Abstract:We use prompt engineering to guide ChatGPT in the automation of text mining of metal-organic frameworks (MOFs) synthesis conditions from diverse formats and styles of the scientific literature. This effectively mitigates ChatGPT's tendency to hallucinate information -- an issue that previously made the use of Large Language Models (LLMs) in scientific fields challenging. Our approach involves the development of a workflow implementing three different processes for text mining, programmed by ChatGPT itself. All of them enable parsing, searching, filtering, classification, summarization, and data unification with different tradeoffs between labor, speed, and accuracy. We deploy this system to extract 26,257 distinct synthesis parameters pertaining to approximately 800 MOFs sourced from peer-reviewed research articles. This process incorporates our ChemPrompt Engineering strategy to instruct ChatGPT in text mining, resulting in impressive precision, recall, and F1 scores of 90-99%. Furthermore, with the dataset built by text mining, we constructed a machine-learning model with over 86% accuracy in predicting MOF experimental crystallization outcomes and preliminarily identifying important factors in MOF crystallization.
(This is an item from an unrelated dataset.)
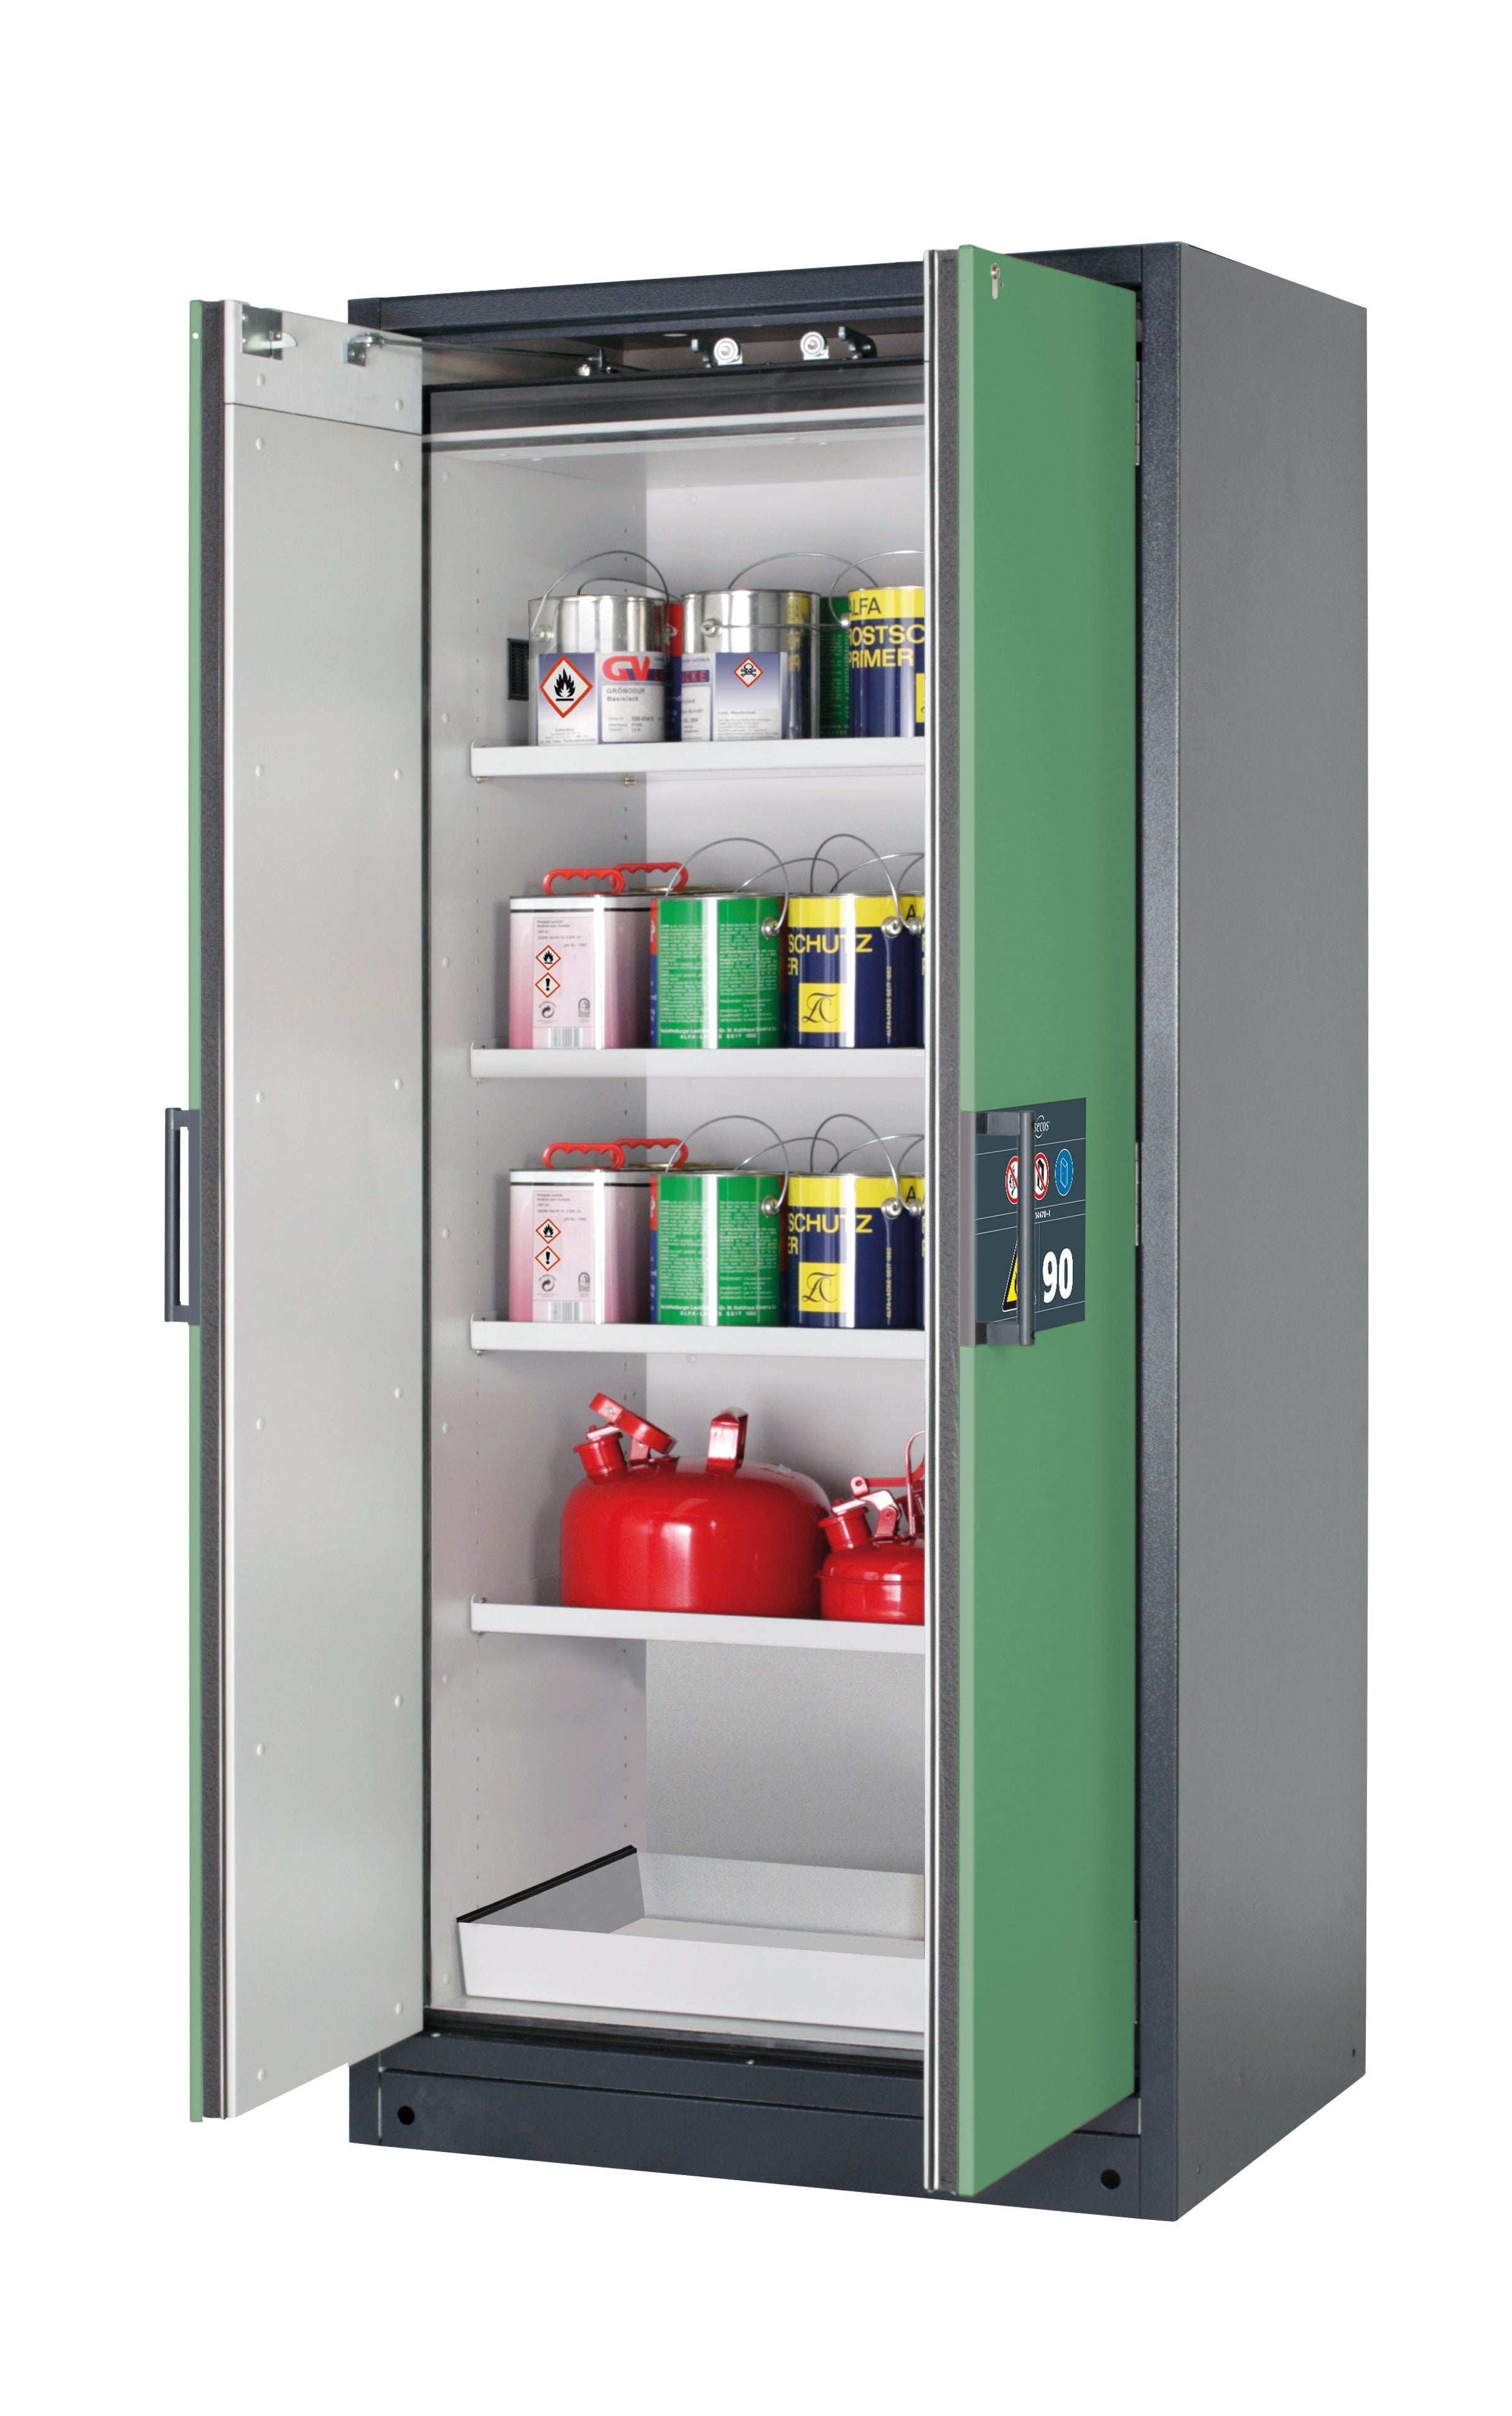 Type 90 safety storage cabinet Q-CLASSIC-90 model Q90.195.090 in reseda green RAL 6011 with 4x shelf standard (sheet steel),

We also developed a reliable data-grounded MOF chatbot to answer questions on chemical reactions and synthesis procedures. Given that the process of using ChatGPT reliably mines and tabulates diverse MOF synthesis information in a unified format, while using only narrative language requiring no coding expertise, we anticipate that our ChatGPT Chemistry Assistant will be very useful across various other chemistry sub-disciplines.